NASA employee speaks to students during National Engineers Week

NASA employee speaks to students during National Engineers Week

February 21
21:59 2013

Joshua Knopp / Staff Writer

NASA engineer Kevin Tones discussed how to get a job and the future of NASA as a part of National Engineers Week at Discovery Park on Thursday.

Tones, who has worked at the Johnson Space Center in Houston for more than 20 years, described his hiring path as a matter of being persistent.

“I took the ‘pester people like hell until they give you a job’ route,” he said. “Which I do not recommend.”

Tones said a distinguishing factor of working for NASA was the rate of work. While other engineers and electronics designers have fairly rapid timetables, space station engineers have to take more time testing everything because people’s lives are at risk.

“If your cell phone runs out … it’s an annoyance,” he said. “Our stuff, if it doesn’t work, someone’s dead. D-e-a-d. Gone. And that gets your attention real fast. You’re a little more methodic, a little more cautious.”

Discovery Park’s director of campus life Lisa Campbell arranged for Tones to come on campus through old college connections.

“His wife and I went to college together. Completely different fields,” she said. “I met them and discovered that he worked for NASA and was an engineer. I’ve had many engineering students ask me if we could get someone from NASA and it seemed like the thing to do.”

Campbell also said Tones fits in with Discovery Park’s robotics week.

“I thought it would be a good time to tie everything together,” she said.

In his speech, Tones also talked about NASA’s recent budget cuts. Two years ago, NASA received $648 million less than the previous year, according to universetoday.com, and further cuts are expected.

Tones said that the main problem is NASA isn’t getting instructions, because an official budget also comes with instructions on how to spend the money.

“We’ve been on continuing resolutions for an insane amount of time,” he said. “If the government doesn’t set a budget, we don’t even have a target. Basically, they write us checks, and we see how big that check is and we see what we can do with that check.”

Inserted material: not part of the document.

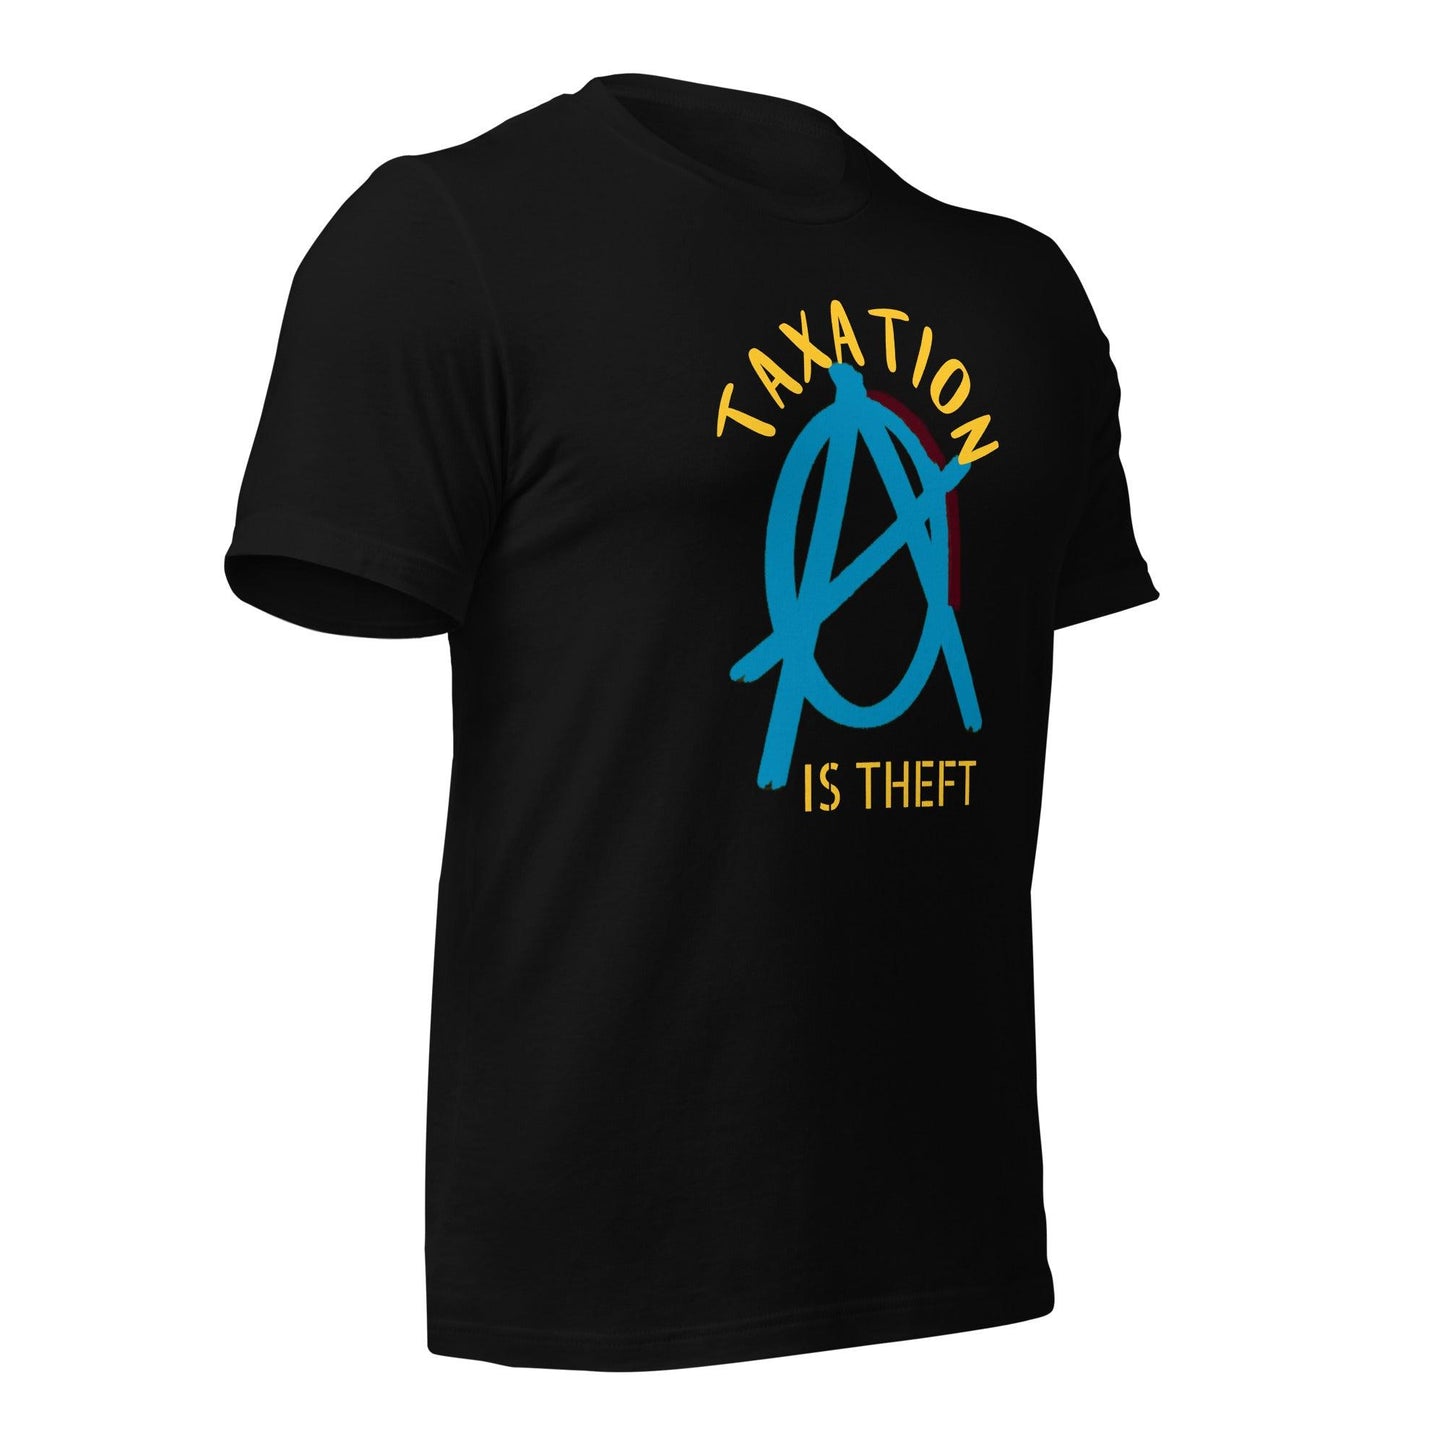 Anarchy Wear Blue "Taxation Is Theft" Unisex t-shirt - AnarchyWear

A budget would give NASA more direction, Tones said.

“But with the budget, we get priorities. We get a better idea of what does a nation want to do with its time and money and resources,” he said. “We’re a lot better off, even if there’s less overall money.”

Engineering senior Emma Zemler, who has a co-op with the Johnson Space Center, was at the speech.  Zemler said a co-op is a step between an internship and a formal job.

“A co-op is essentially multiple internships,” she said. “You alternate school with work at that company.”

Zemler has worked on multiple projects, including prototype mission control software and batter testing.

Tones said going the co-op route was the best way to get a job at NASA, but because of NASA’s financial troubles, students may want experience elsewhere.

“Go get work experience. It’s out there, take it,” he said. “When we have more of our fecal matter collected, come back to us.”